My inner freedo(o)m comes

My inner freedo(o)m comes

 

The title of this artwork "my inner freedo(o)m comes ", as you can see is a game of words...cause for me...to emancipate oneself from dogmas and ways of thinking which create and generate our society and our education is a harsh thing to do...Our society learn to us being pro- or anti- for everything...binary system which creates binary thinking, wrong and right, good and bad etc...and for me i think all this is of a much higher complexity...But exploring our own contradictions often makes us feel unsecure...cause we don't know were it might take us...and it often feels like a doom...

To end this explanation (once more, this is just my vision of it all, with all my subjectivity) we often look for outter freedom, wanting to change the world, to change the people..and all this kind of things...but at the end...we always come back to the same place...just like our society nowadays...and to me this is due to the fact people haven't realize how deeply they are moulded in a certain way when they are young, and that this is the only problem we have to deal with (inside of us)...cause inner freedom leads to outter freedom, but not the other way.

Lucidity is, i think, THE tool we have to reach this Inner (and outter) freedom we want all...but the way is not easy...Here are some lyrics from the song "the death and resurrection show" by the band Killing Joke...i just cannot write better words..

 

Everything I'm taught, amounts to nought
Everything I learn, the fire shall burn
Notions of myself that when I'm not
Whoever I was is now lost
Illumination, illumination

Burn burn, burn brightly
Burn burn, burn white heat

 

Artist: Eric Cariou

  • ARTWORK INFO

    My inner freedo(o)m comes

  • ARTIST INFO

    Eric Cariou

    Born in 1972, in the city of Rouen in France, i have learned photography with my father when i was 15 years old, doing black and white photography at this time.

    For many years, i was just using it for holydays memories, but i was already at that time fascinated by the work on line and perspective.

    Ending art histories studies in 1998, i took a film several times without knowing it and so…was quite surprised to see the result…

    I decided to go on exploring this technic, as a pure hobby at the begining, during my travels in Egypt and in France.

    Sometimes, there is 1 hour between several shots on the same film, sometimes 6 months or more, never really knowing what’s on the film when i put it in my camera, just like a game..

    Years after years, the idea came to me to play with symetrical associations of the same cliche, finding there a way to create what i would call « autonomous zones of onirism ».

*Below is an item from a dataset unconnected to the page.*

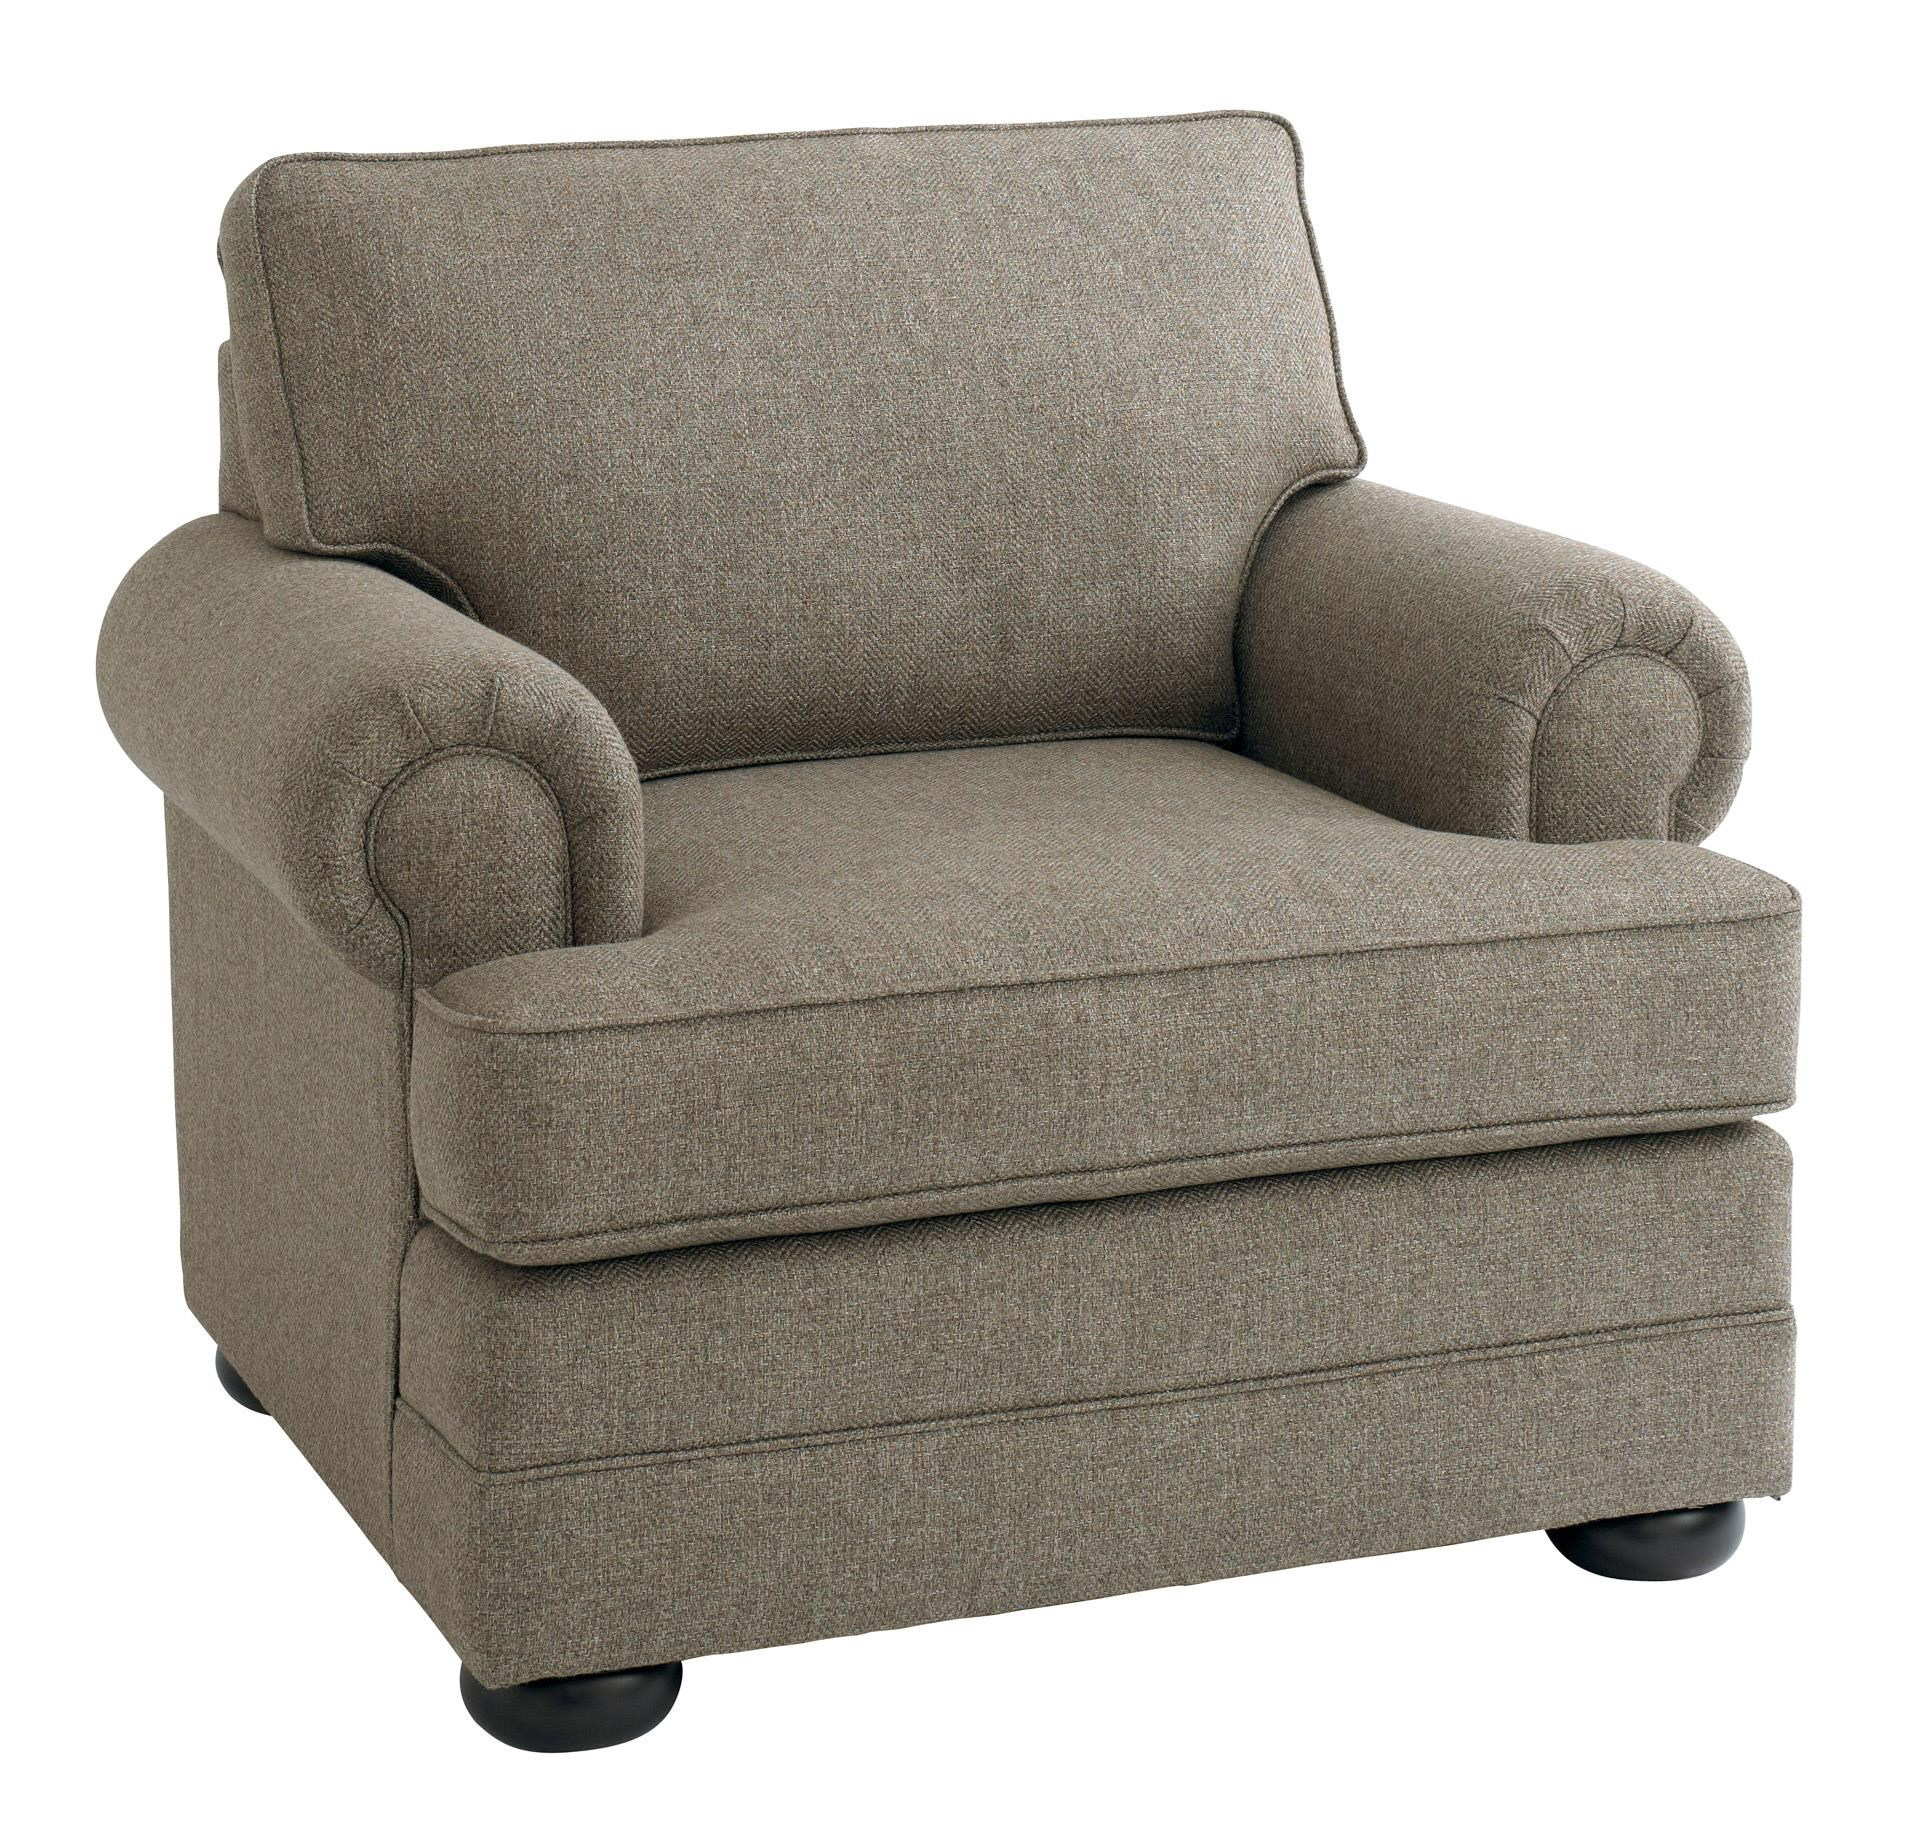 Bassett Hyde Park Chair - Item Number: 3913-12FC-1523-8

    At this time i was doing it without digital technics, not very easy, and quite unpredictable.

    Then, digital technic arrived…and made the thing much more easy to deal with, realising myself i could play in a thousand way with the same photography.

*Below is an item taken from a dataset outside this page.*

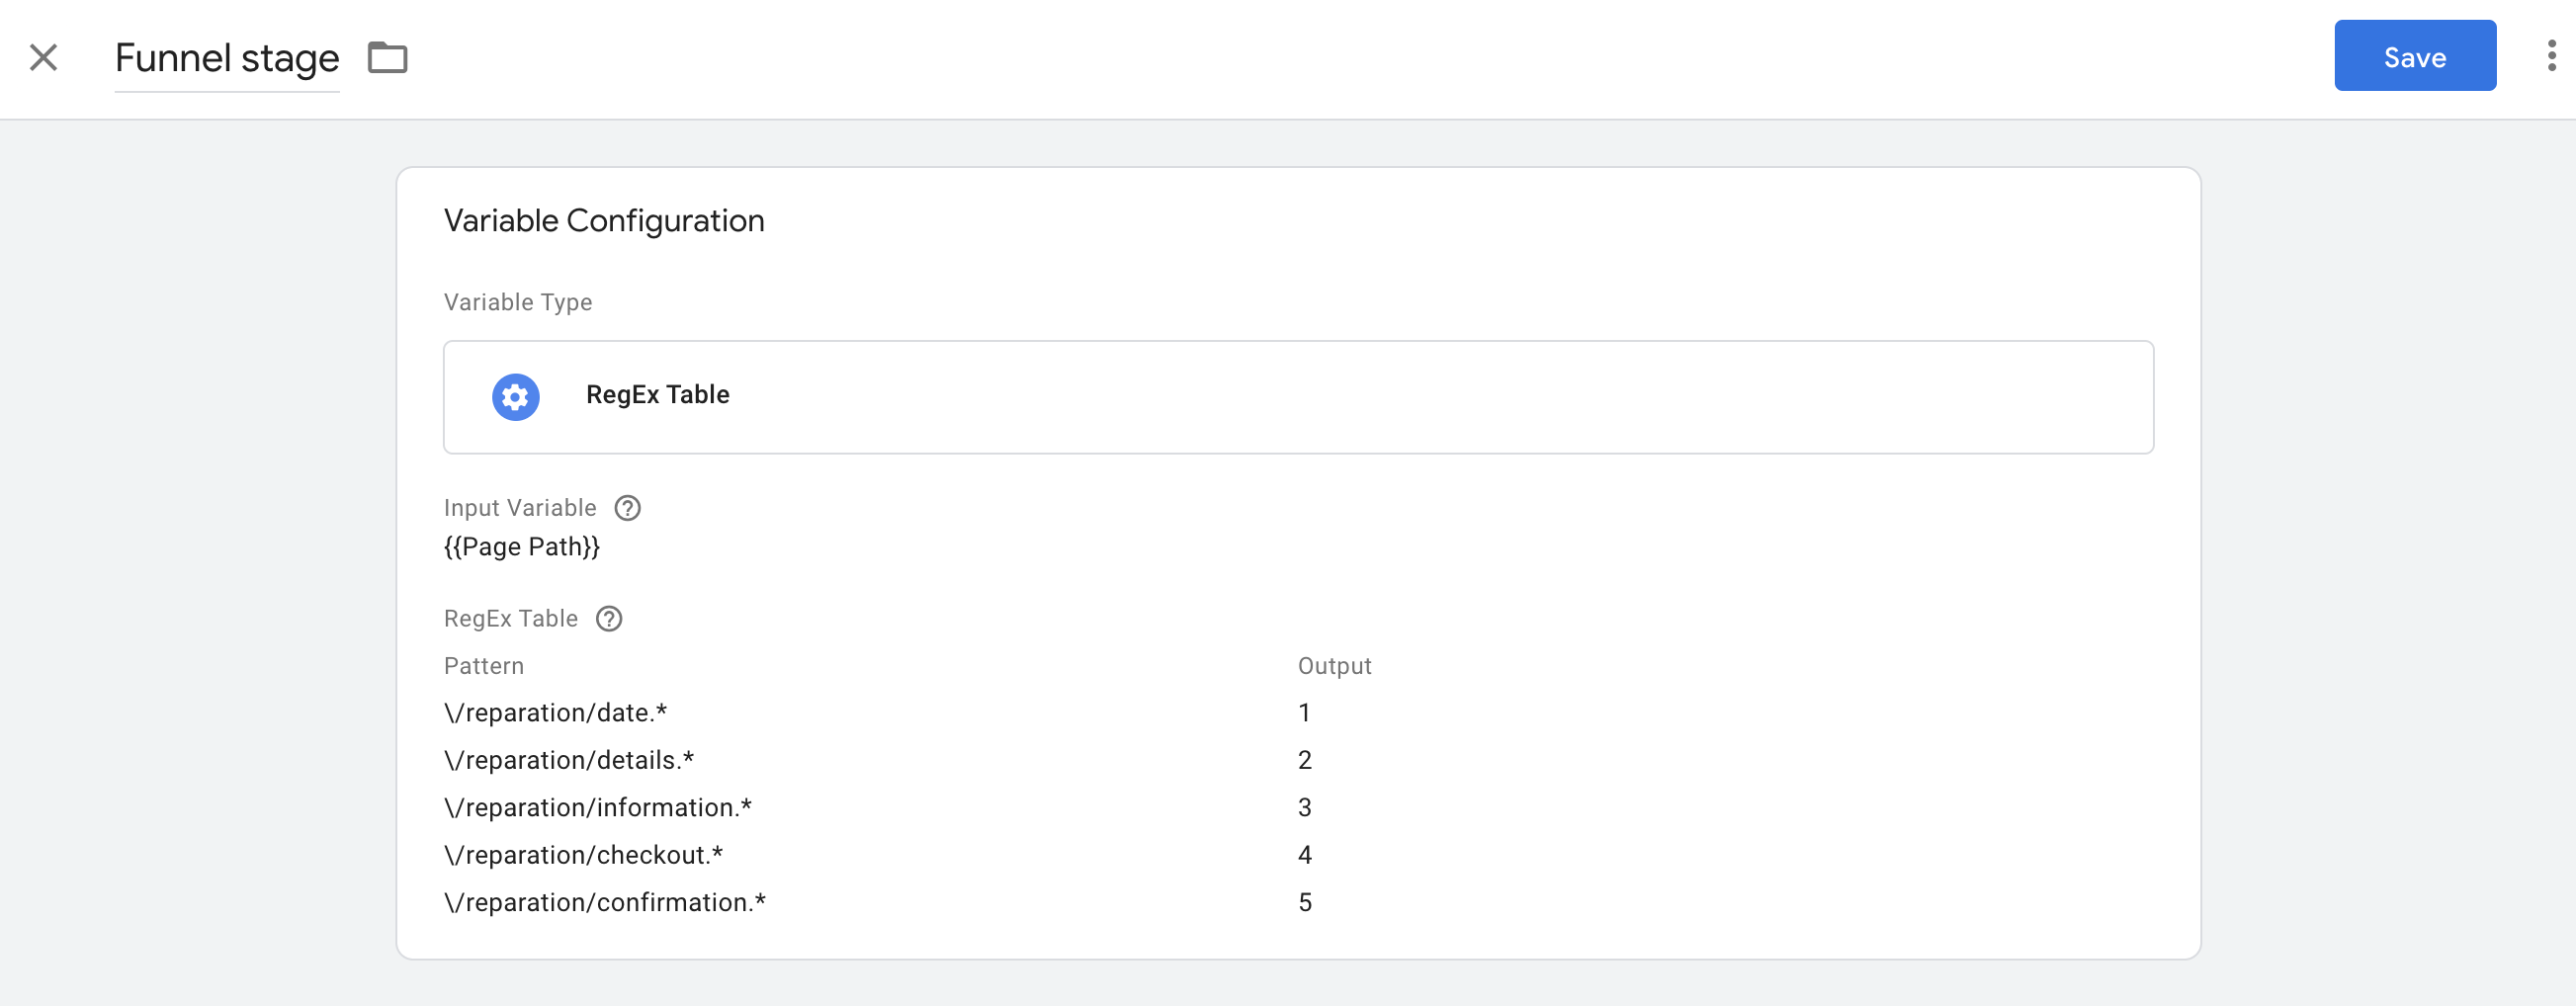 Screenshot 2020 11 09 at 16.16.47 | Custom metrics dans Google Analytics pour analyser un tunnel de conversion

    At this time came to me the idea of creating graphical stories with each pictures, adding new levels of meaning to my artwork.

    My artwork is the result of coïncidences, mistakes which at the end are kind of revelations, opening new perspectives, never knowing exactly what i will find at the end.

    Just like life and dreams…and that’s why i go on working with the analogic technic…willing to control as less as possible of this creative process.

    Since few years, i begun to make design and fashion with Shopvida, a very rich and unique experience which takes me sometimes in deepest digital experimentations.

    And since few months now, after exploring landscapes and architecture, i have decided to enter the « human field », making three collaborations with different artists exploring jewlery, callygraphy and yoga…and i have many others projects in mind, book mixing my photographies and poetry of my own, mixing music with my art …and for the rest, futur will tell !

    To end this introduction to my work, i would say my art came to me naturally, years after years, always taking me to unexpected fields of experimentations, many wonderings...and wanderings…following my inner and outter life, guiding me sometimes, often making me loose my way to find a better way of creating…a better way of being…the essence of life i guess…Solve y coagula…The essence of life and art creation… ???